● **Requirement**
Apart from the pictures, every line below needs to be reproduced verbatim.

● **Given material**
________________

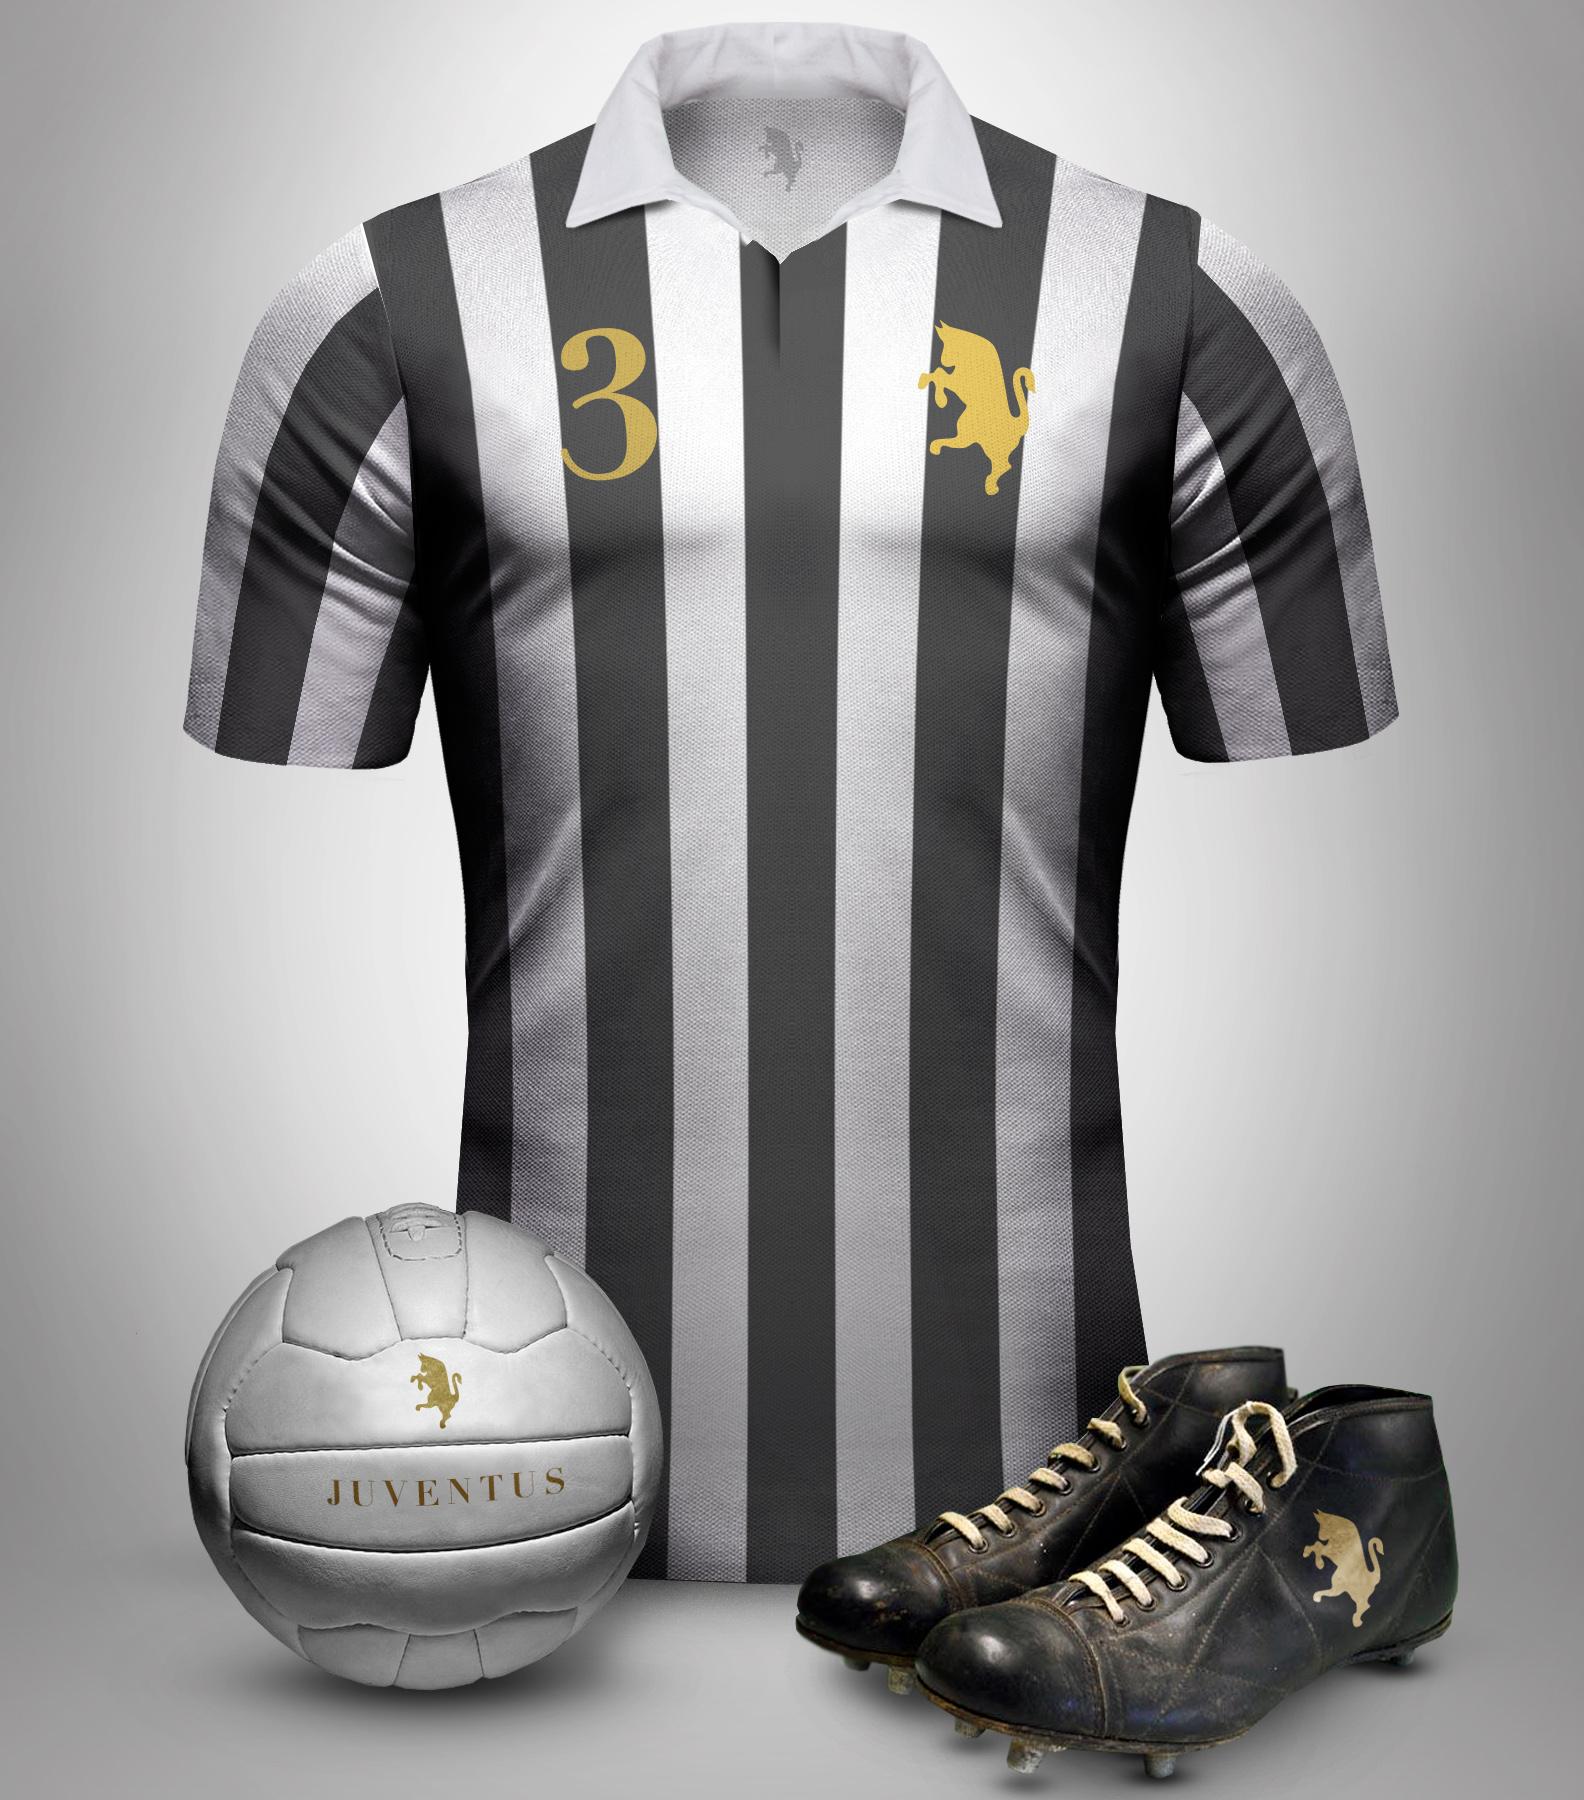 Juventus Vintage Kits
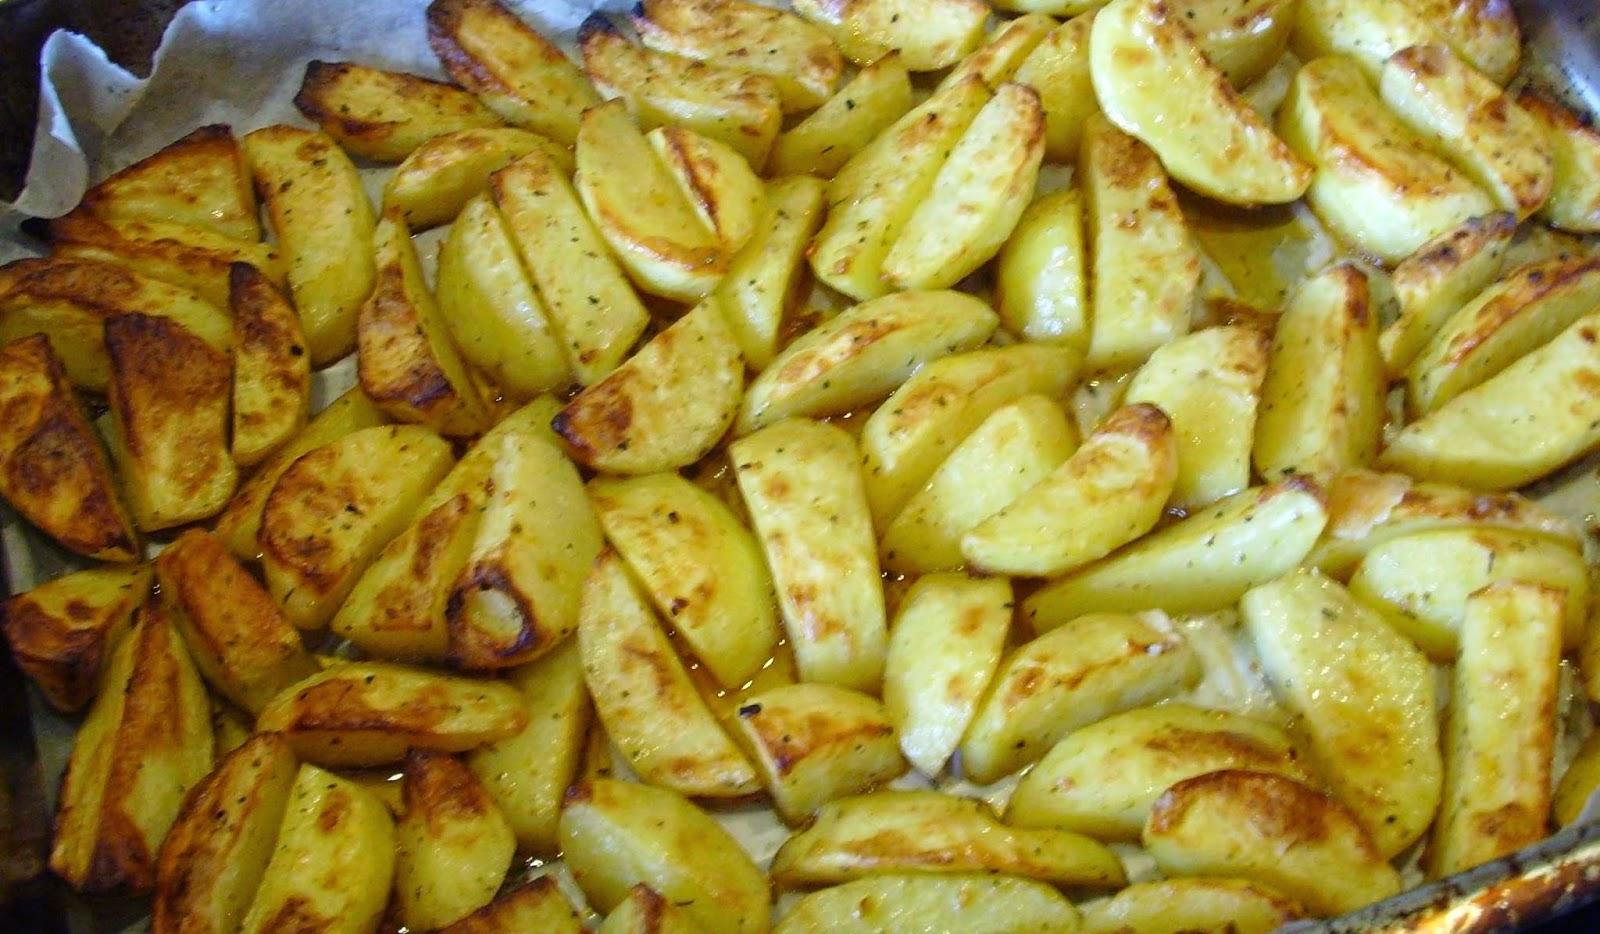 Pyszne, aromatyczne, chrupiące, pieczone ziemniaki w piekarniku a'la frytki.
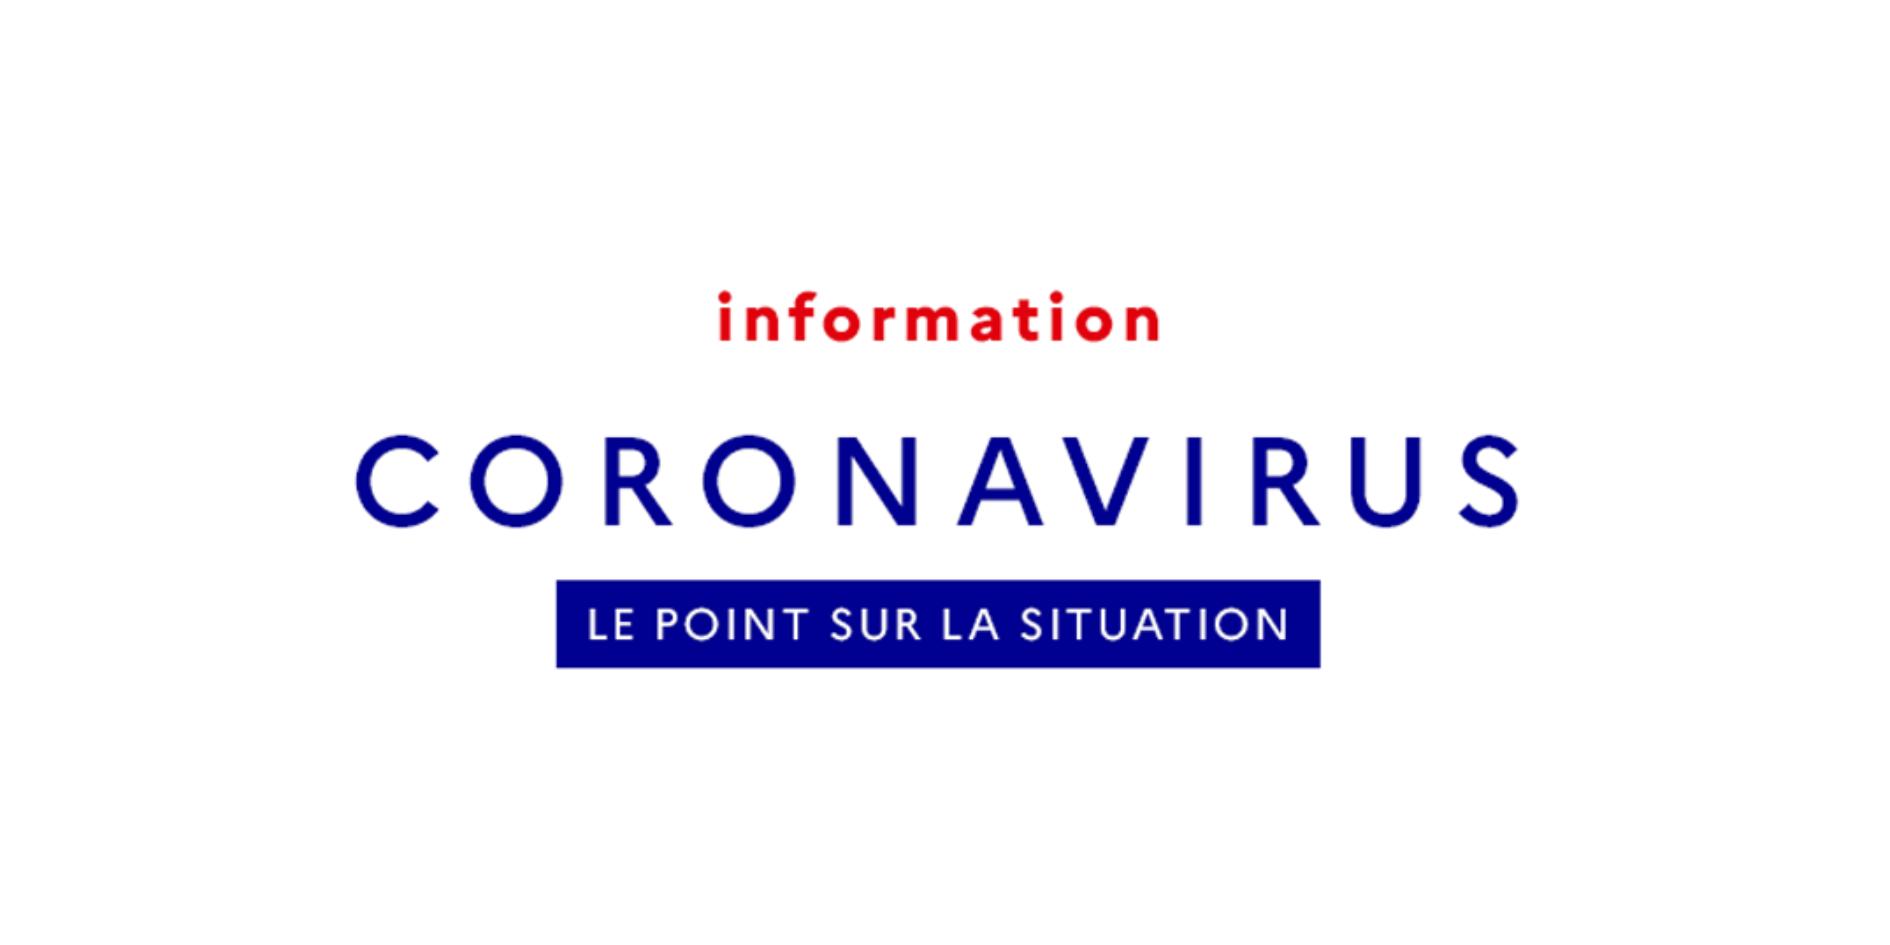 Coronavirus Informations

________________

● **Exercise solution**
 Juventus Vintage Kits
 Pyszne, aromatyczne, chrupiące, pieczone ziemniaki w piekarniku a'la frytki.
 Coronavirus Informations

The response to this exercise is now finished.